Homework #4: Record Linkage and Fuzzy Matching

DUE: Monday 2/3 11:59pm

HOW TO SUBMIT: Submit the required files for all problems (see WHAT TO SUBMIT under each problem below) through WebSubmit. On the WebSubmit interface, make sure you select compsci290 and the appropriate homework number. You can submit multiple times, but please resubmit files for all problems each time.

0. Getting Started

WHAT TO SUBMIT: Nothing is required for this part.

To get ready for this assignment, fire up your virtual machine, open up a terminal, and type the following command:

/opt/datacourse/sync.sh

This command will download the files which we are going to use for this homework.
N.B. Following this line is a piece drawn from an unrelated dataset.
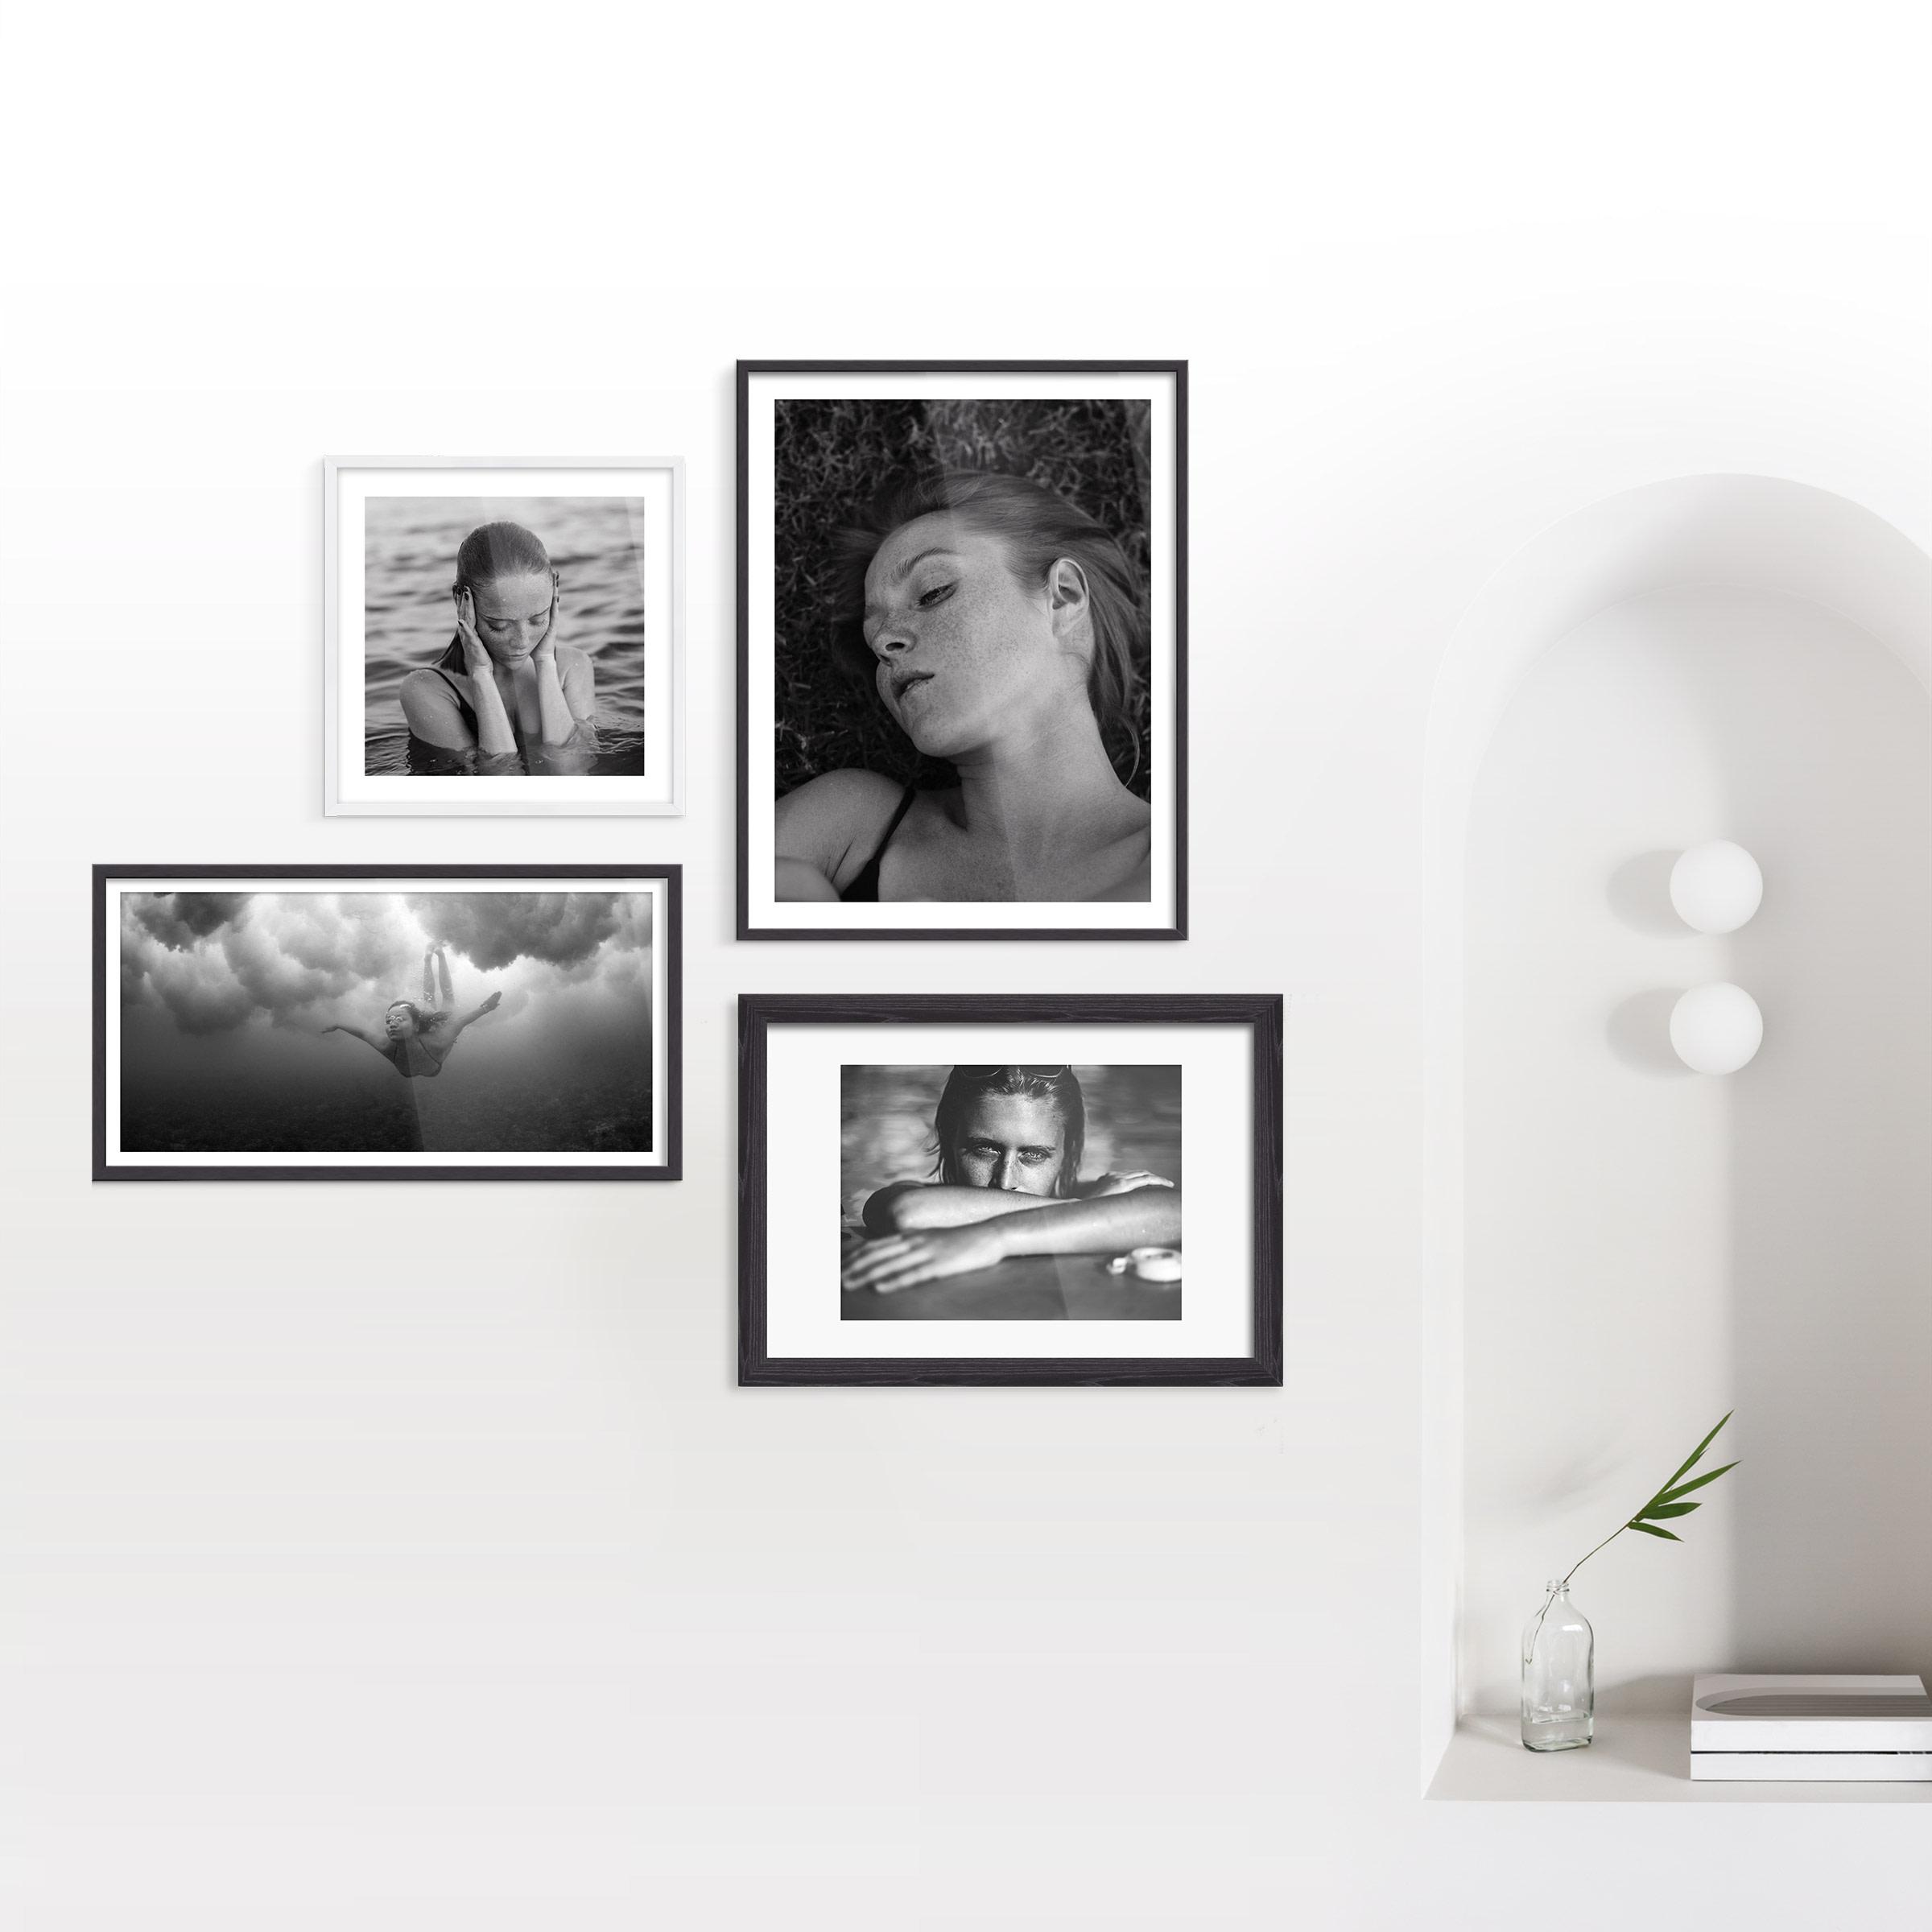 fotoabzug-barytpapier-portrait-inspiration-1200x1200.jpg

Next, type the following commands to create a working directory (hw04 under your home directory) for this homework:

cp -pr /opt/datacourse/assignments/hw04-template/ ~/hw04/
cd ~/hw04/
psql congress -c "CREATE EXTENSION fuzzystrmatch"
psql congress -c "CREATE EXTENSION pg_trgm"

The last 2 command will install extensions to Postgres which will allow you to use Levenshtein distance (levenshtein(string1, string2)), and Jaccard similarity (similarity(string1, string2)) that we discussed in class.

Once the above commands finish running, you should be able to access the database by issuing the following command:

psql congress

1. Senator Twitter IDs

WHAT TO SUBMIT: For each of the questions (A, B) below, submit a plain-text .sql file (1A.sql, 1B.sql). Note that you can enter comments in SQL using -- (anything following -- on the same line will be ignored as comments). For each query, in the comments report:

  1. How many records were returned by your query?
  2. How many records do you think you matched correctly?
  3. If you did not match all rows correctly, explain why.

In the working directory you will find a file senator_tweets_parsed.csv. This file contains the list of current senators and three different twitter ids (Official, staff and campaign) extracted from the Web (and current as of Nov 6, 2013). Our goal in this homework is to match the records in this file to the persons table in the congress database.

You will also find a file names nicknames.csv which contains a list of firstnames and the common nicknames associated with them (which you will need). You will also find a script file create-load-nicknames.sql which will allow you to create a table called nicknames and copy the data from the csv file into this table. You can create this by running

\i create-load-nicknames.sql

inside psql.

(A) Create a table called tweets and populate it with the data from senator_tweets_parsed.csv. (Hint: Write a SQL file similar to create-load-nicknames.sql.) List all the records from the tweets table that match a record in the persons table on firstname AND lastname.

NOTE: If you made a mistake in your script or copied wrong data into a table, you can always use the SQL command

DROP TABLE tablename;

inside psql to drop the table you created. Also, do not execute the \COPY command more than once; it will just add a new set of duplicate rows from the csv file into the existing table.

(B) Create the nicknames table (if you have not already done it). List all the records that result from the following matching: edit distance of at most 2 on last name, AND (first names are same OR first name is a nickname variant).

2. What is the best you can do?

WHAT TO SUBMIT: Submit a plain-text 2.sql file. In the comments report:

  1. How many records were returned by your query?
  2. How many records do you think you matched correctly?
  3. If you did not match all rows correctly, explain why.

Using all the information available to you about this tweets dataset, find the best matching condition that returns as many of the correct matches as possible, and returns very few erroneous matches.